666. vii. Propositions made by some of the Five Nations lately come from Canada to the Commissioners of the Indian affairs, Albany, July 3rd, 1700. Names of the Indians;—Takosondaghque, Sagossenduchqua, and Anistaringuist of Onondage, Tarojaketho of Oneyde. Aqueendero, Speaker, said, We are come to acquaint you according to our duty what the Canada Indians of Kachanuge said, when we were there lately, viz. that we are not to take notice of any stories that evil-inclined persons may tell, but cleave fast to the Articles of Peace, concluded between the two great Kings in Europe, and do give a belt as a token hereof to be kept at Onnondage, which they show, and the belts not only given by the praying Indians of Kachanuage but by the Rondax Indians, natives of Canada, who hold firm to the General Treaty of Peace. The Governor of Canada being at Mont Reall sent for us and told us, "Children, I will speak to you no more by belts; I have only this to say, You complain that the Dowaganhaes or far Nations of Indians kill your people; you are the cause of your own destruction; if you will but send one Indian from each Castle (neither will I tie you to send a Sachim, but a private Indian from each nation), to treat with me and make peace, I will take the hatchet out of the hands of my Indians and children, the Dowaganhaes, and those other far Indians, and cause you to hunt secure. Every creek and fall of water shall florish with peace and tranquillity. But if you will not come and treat with me, you must expect no peace, but a continual war with the Dowaganhaes. I know the Governor of New York threatens you hard and looks terribly on you, if you should offer to come and treat with me, but you need not fear him; he dare do you no harm." This the Governor of Canada charged us to tell all the Five Nations, but not to the Christians; but we being in one Covenant Chain think ourselves obliged to acquaint you with it. Brethren, our Indians having by chance hunted some moose, and coming to Canada to dispose of the same, have had this roncounter with the Governor of Canada, and we give you the belt to keep as the head, and we, being inclined to answer the Canada Indians, desire your assistance in some present to give, being now destitute of belts.
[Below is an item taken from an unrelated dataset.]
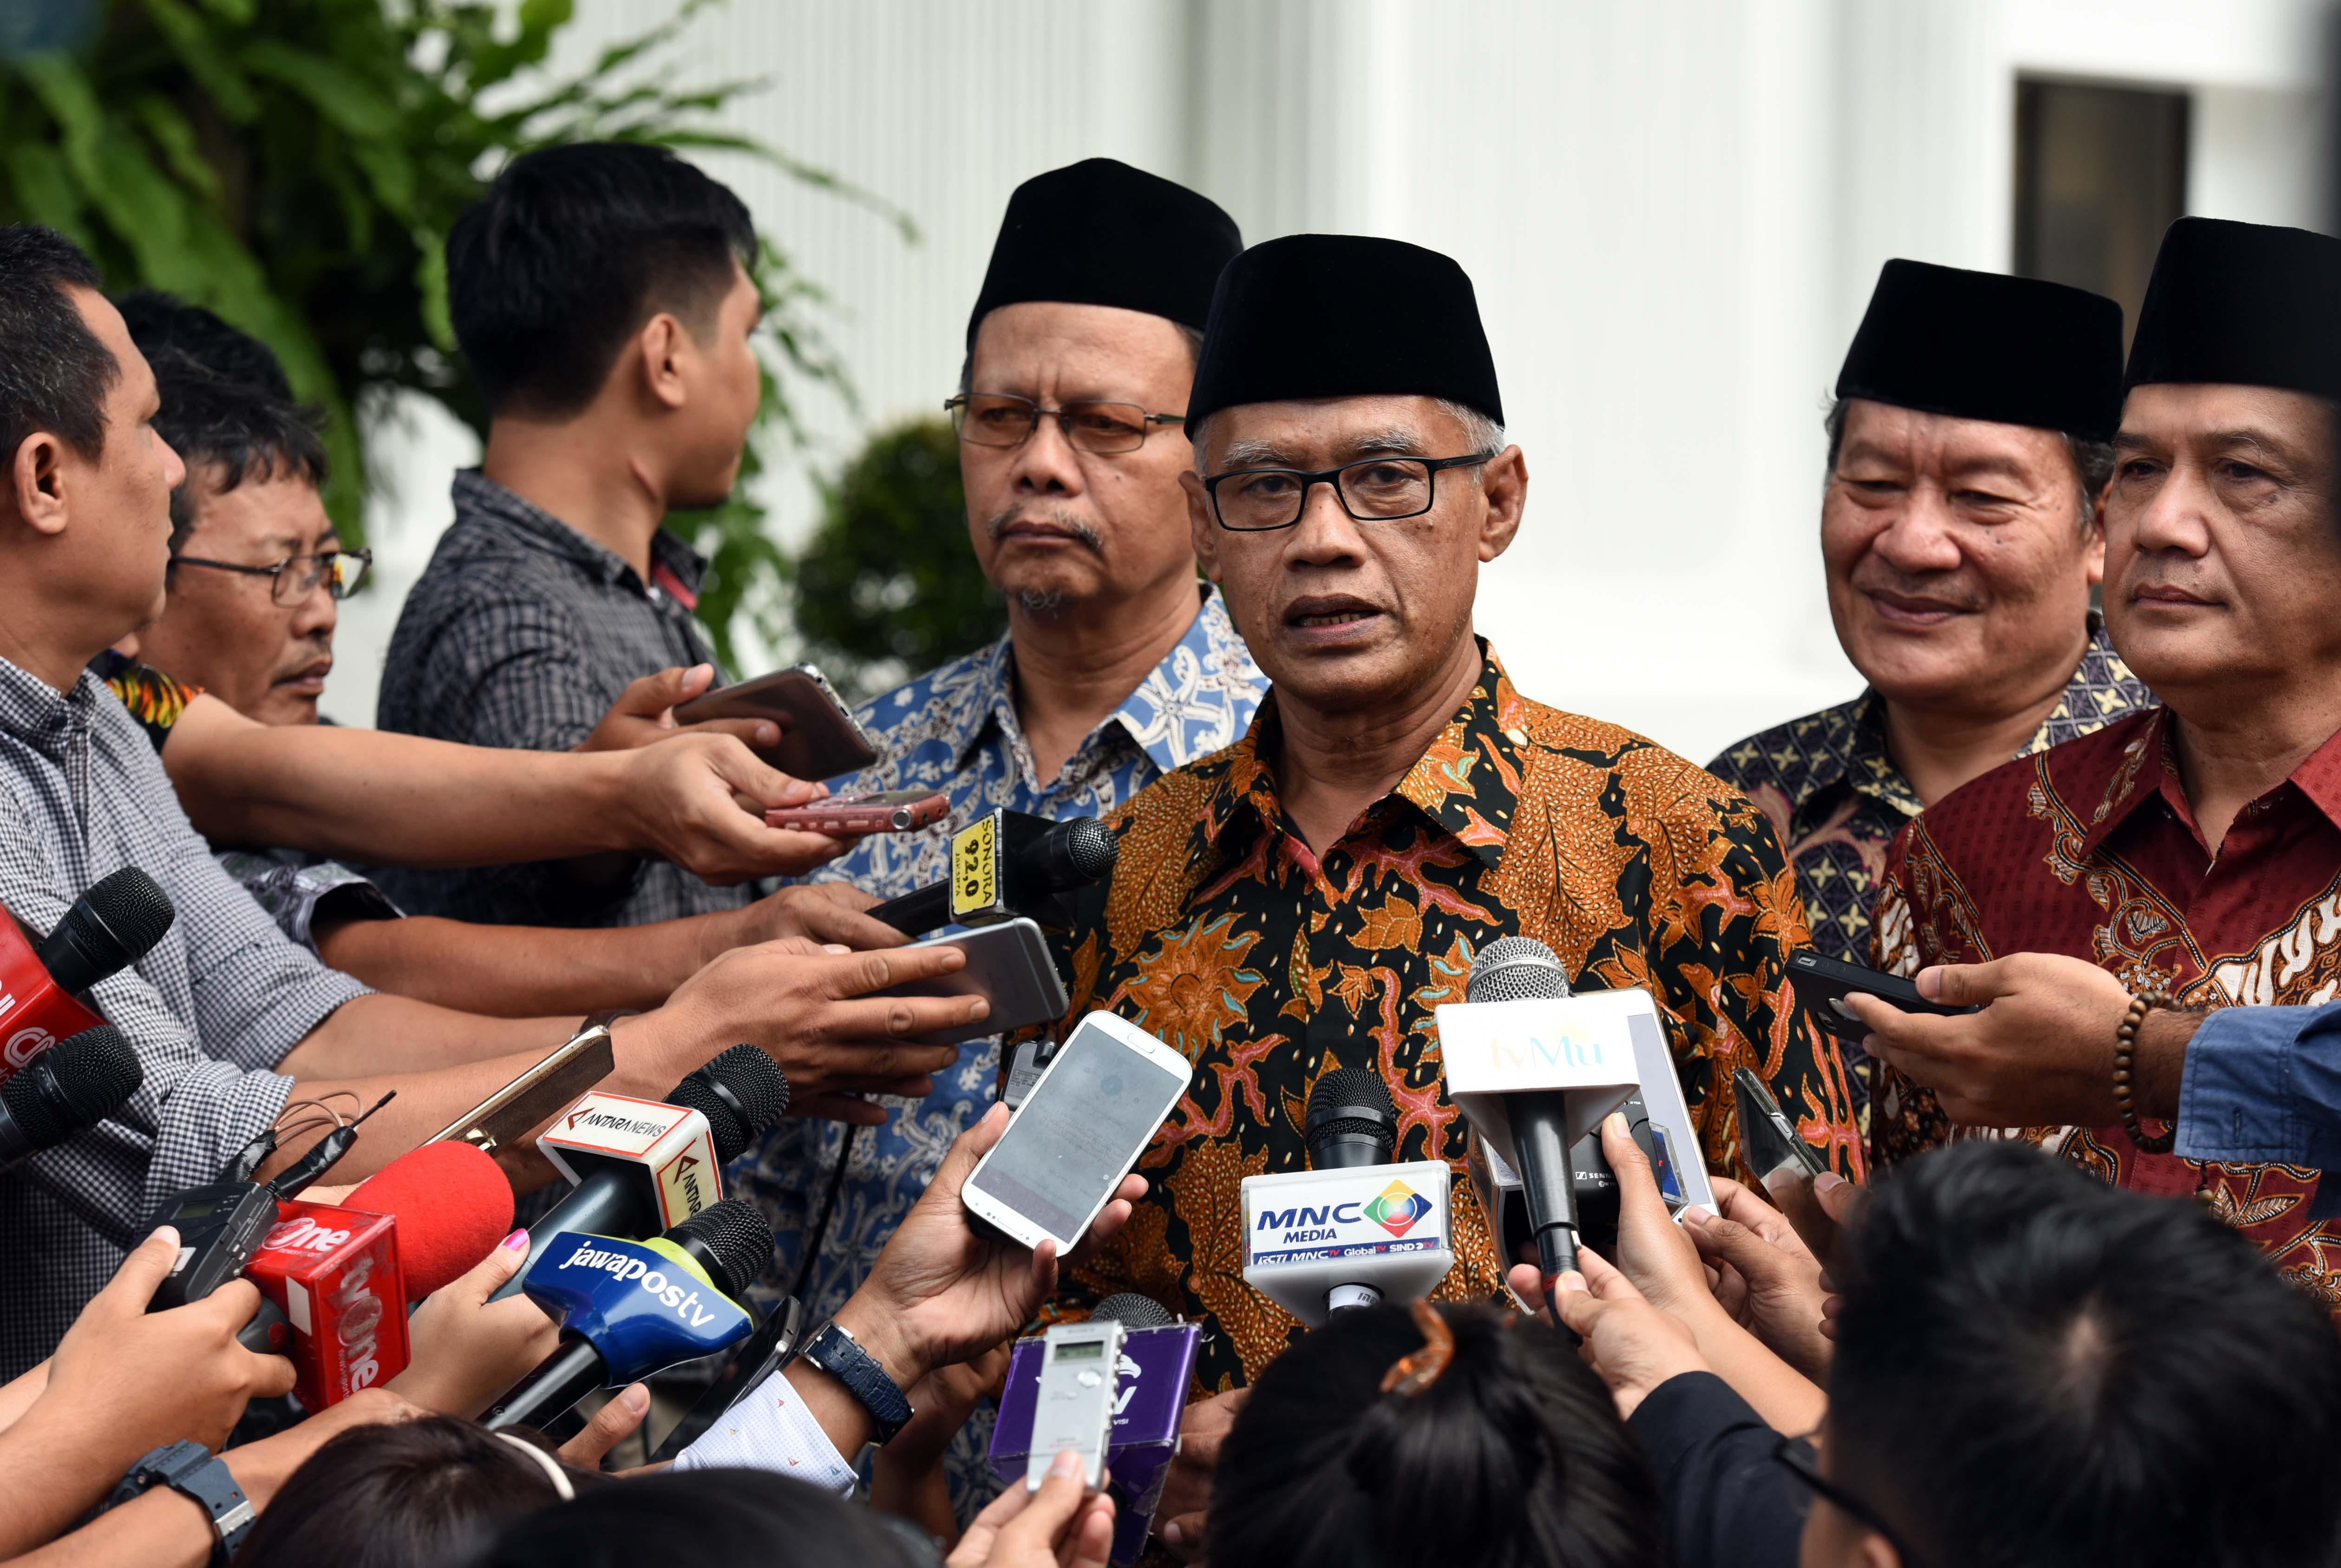 Chairman of Muhammadiyah Haedar Nasir after meeting with President Jokowi, Jakarta, Monday (13/2) afternoon. (Photo: PR/Jay)

Answer to the Indians. We commend your fidelity in revealing what has been said to you by the Governor of Canada, whose deceit you may now plainly see. We think it not proper that this belt be sent to the Five Nations, but remain in the hands of Aqueendero, Chief Sachim of Onnondage, till the arrival of His Excellency, the Earl of Bellomont, and the Sachims of the Five Nations, who will be here speedily, when the whole matter shall be discussed. In the meantime no answer to be made to the praying Indians. Signed, Robt. Livingston, Secretary for the Indian affairs. Copy. 2¾ pp. Same endorsement.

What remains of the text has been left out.